Tumor-associated macrophages (TAMs) are classified into 2 reversible phenotypes—proinflammatory M1-type macrophages and protumoral M2-type macrophages. Functionally, M2-type macrophages release immunosuppression factors such as IL-10, transforming growth factor (TGF)-β, and arginase 1, to exert immune effects and release stem cell inducers, such as IL-8, IL-10, IGF, TGF-β1, and pleiotrophin, to maintain cancer stemness [[132], [133], [134], [135], [136], [137], [138], [139]]. Serine serves as an essential regulatory factor of macrophage polarization, and its gene deletion or pharmacologic inhibition induces the repolarization of TAMs from the protumorigenic M2 phenotype to the tumoricidal M1 phenotype [140,141]. Moreover, research has found that serine is a major contributor to α-KG production and M2 polarization in macrophages through the tuberous sclerosis complex-mTORC1 pathway to affect the progression of malignancies [141]. Furthermore, the activation of PSAT1 induced by a protein kinase RNA-like estrogen receptor kinase-signaling cascade in macrophages promotes serine biosynthesis, induces M2-type macrophage polarization by producing α-KG, and enhances the efficacy of immune checkpoint programmed cell death protein 1 in melanoma [140]. Moreover, inhibiting both endogenous and exogenous serine metabolism promoted the expression of IGF-1 thorugh a reduction in SAM-mediated histone H3K27me3. Elevated IGF-1 activates the p38-dependent Janus kinase–signal transducer and activator of transcription (STAT)1 axis, thus promoting M(interferon-γ) polarization and inhibiting polarization toward the STAT6-mediated M(IL-4) phenotype [142]. These results revealed a new mechanism by which serine metabolism orchestrates macrophage polarization.

The activation of SSP contributes to the acquisition of malignant characteristics in mammary epithelial cells induced by macrophage immune infiltration [143]. Recently, Shen et al. [144] demonstrated that virus-infected macrophages display decreased expression of SSP enzymes, which induces the expression of the V-ATPase subunit ATP6V0d2 by inhibiting SAM-dependent H3K27me3 occupancy. This finding suggests that targeting serine metabolism may be a therapeutic strategy against virus-infected macrophages.
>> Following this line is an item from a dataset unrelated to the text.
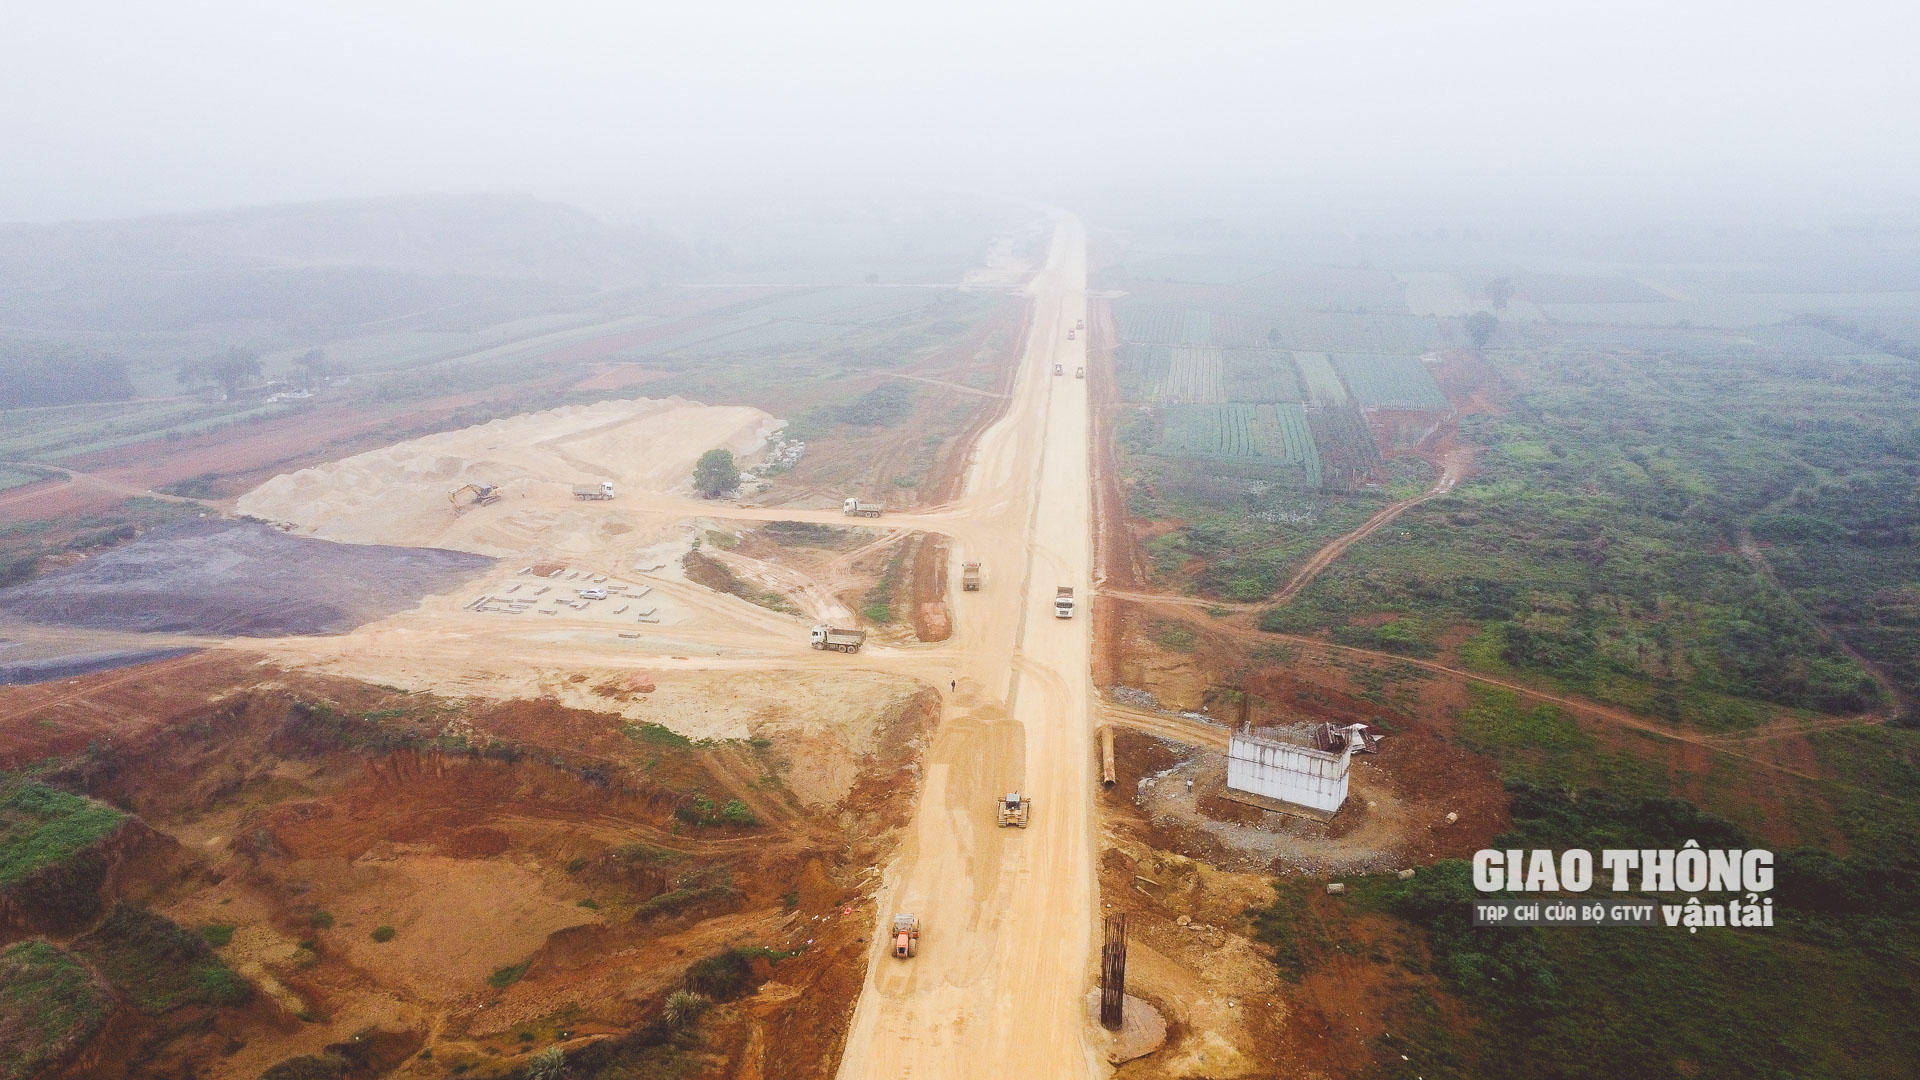 Theo Bộ trưởng Nguyễn Văn Thể, cao tốc Khánh Hòa-Buôn Ma Thuột, Biên Hòa-Vũng Tàu và Châu Đốc-Cần Thơ-Sóc Trăng có thể cơ bản hoàn thành vào năm 2026. (Ảnh minh họa)

However, growing evidence has shown that TAMs have a crucial role in tumor development, metastasis, angiogenesis, TME remodeling, and treatment response [[145], [146], [147]]. Thus, the regulation of macrophage-dependent serine metabolism can be used as an auxiliary strategy for tumor therapy.

Lymphocytes

T and B cells are the most prominent and potent antitumor immune regulators [[148], [149], [150]]. Serine can produce a variety of metabolites through SGOCP, which affects the development, proliferation, and differentiation of T lymphocytes [CD8+ T cells, effector T cell (TEFF), and regulatory T cells] and B lymphocytes, indicating that altered serine pathways might compromise T cell–mediated antitumor immunity [37]. Ma et al. [32] proposed that serine regulates the expansion of cloned T cells by supporting 1-carbon metabolism for the de novo production of purine nucleotides. Similarly, GSH-deficient regulatory T cells display increased serine synthesis, mTOR activation, and proliferation, which is linked to both autoimmunity and increased tumor rejection in vivo [151]. In addition, Epstein-Barr virus upregulates the import and synthesis of serine to augment 1C flux, which drives B cell proliferation [152]. These results indicated that serine, as an immunomodulator, can shape adaptive immunity by influencing the proliferative capacity of T and B cells. However, the relationship between serine activity in T cells and B cells and tumor immunity is still uncertain. We can only speculate that serine activity blocks the infiltration and elicits the exhaustion of T or B cells. Future studies should focus on exploring the role of serine activity in T cell and B cell tolerance, immune editing, and antitumor immunity in the TME.

In addition, serine biosynthesis uses NAD+, an important cofactor of the redox reaction, to maintain cell homeostasis. NAD metabolism is based on crosstalk between cancer cells and immune cells, affecting the TME. The regulation of immune responses in the TME depends on different types of host cells, such as endothelial cells, mesenchymal stem/stromal cells, cancer-associated fibroblasts, and immune cells (e.g., lymphocytes, macrophages, natural killer cells, and neutrophils) [153,154]. However, growing evidence have shown that elevated serine has a crucial role in constructing tumor immune microenvironment. Although the underlying mechanism how serine orchestrates tumor-related immune cells remains nascent, targeting serine metabolism can be used as an auxiliary strategy for tumor immunotherapy.

Serine-induced tumor immunosuppression

Cancer cells and immune cells rely on nucleic acid and protein synthesis, which are influenced by the cell nutritional status, such as the availability of amino acids. Serine can be converted into other kinds of amino acids and synthesize important macromolecular substances. It can also provide 1-carbon units for 1-carbon metabolism, which produces cofactors such as NADH, NADPH, and ATP to participate in multiple signaling pathways (e.g., Arg1, IL-10, and TGF-β) of tumor immunity [9,10,37,38,155].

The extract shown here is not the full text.